### Data
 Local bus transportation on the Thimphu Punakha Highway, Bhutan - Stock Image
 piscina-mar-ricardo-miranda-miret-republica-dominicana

==

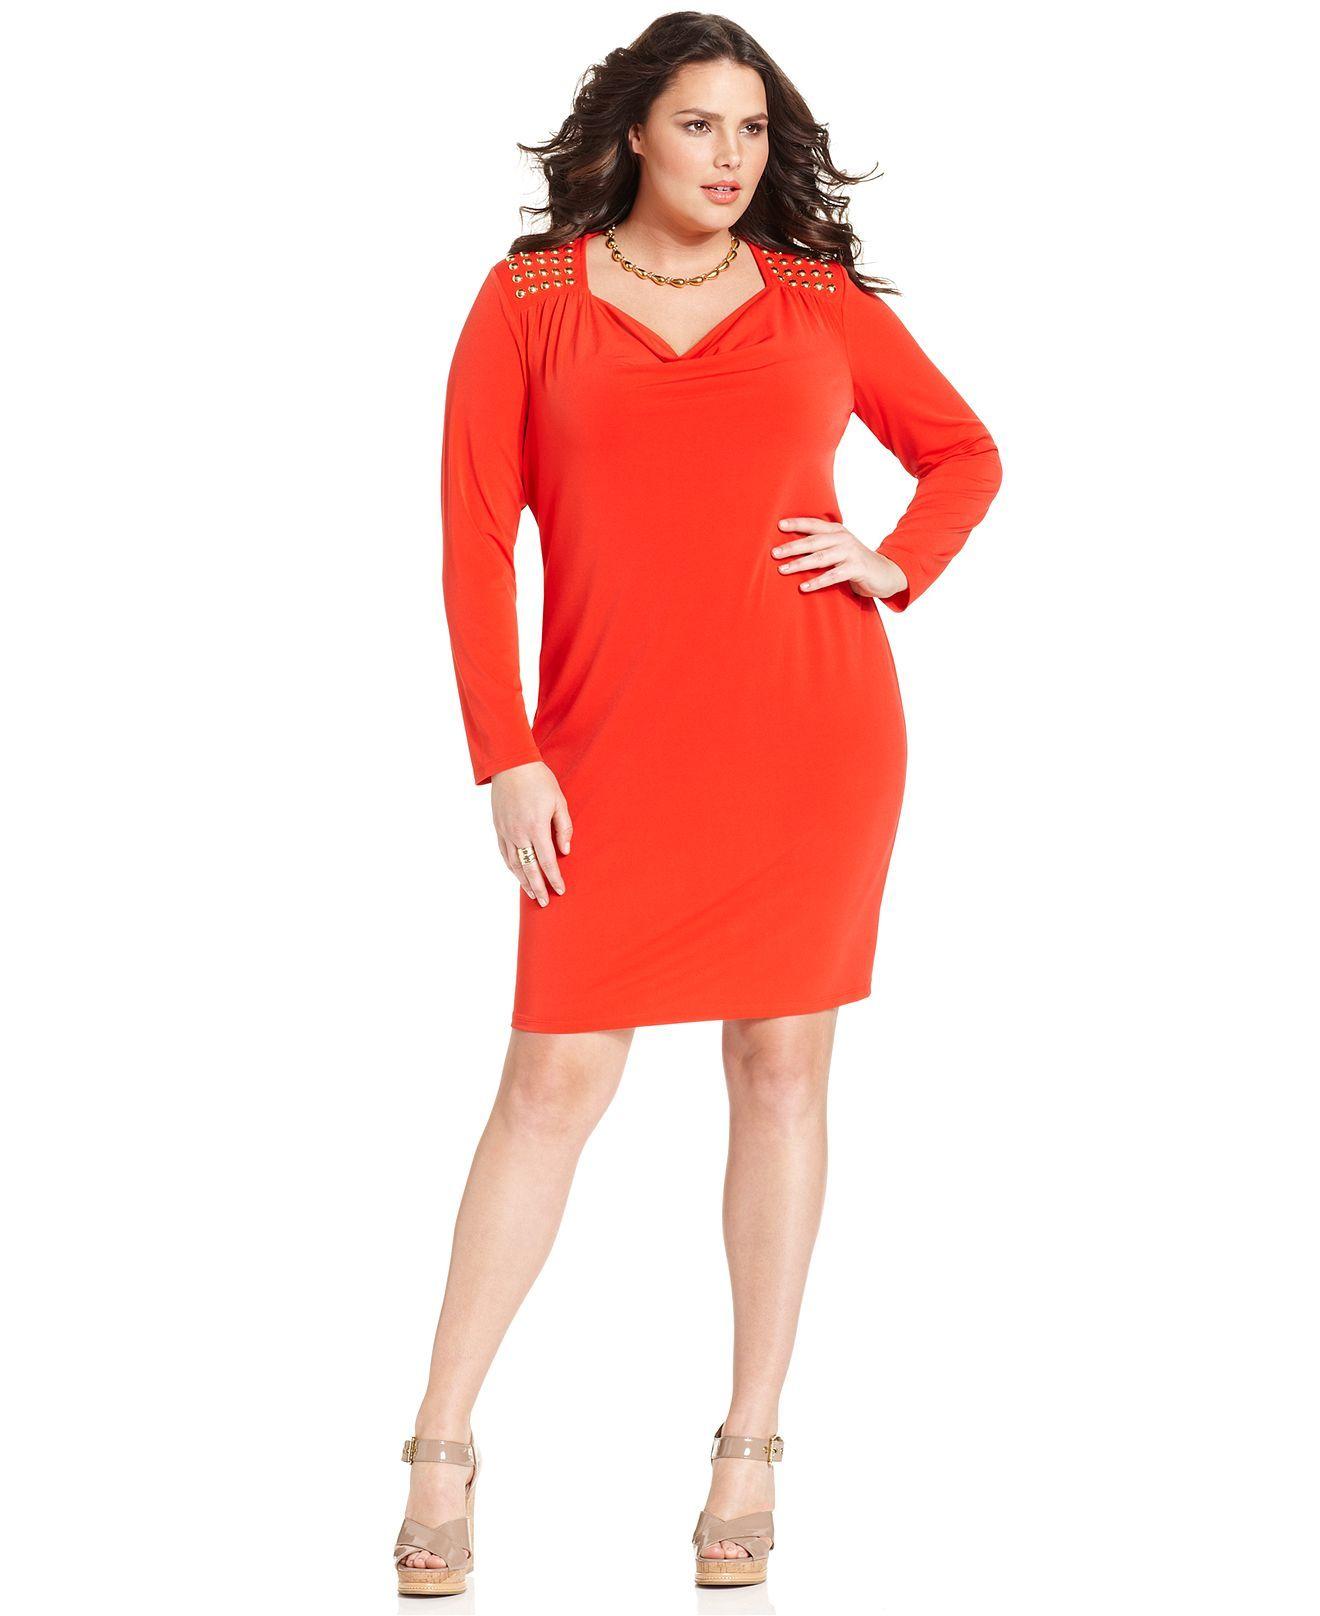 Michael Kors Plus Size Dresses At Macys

### Task requirements
Give again, word for word, every line of the listing above from the one with "Local bus transportation" to the one with "piscina-mar-ricardo-miranda-miret-republica-dominicana", both inclusive, and nothing beyond them.

### Task result
 Local bus transportation on the Thimphu Punakha Highway, Bhutan - Stock Image
 piscina-mar-ricardo-miranda-miret-republica-dominicana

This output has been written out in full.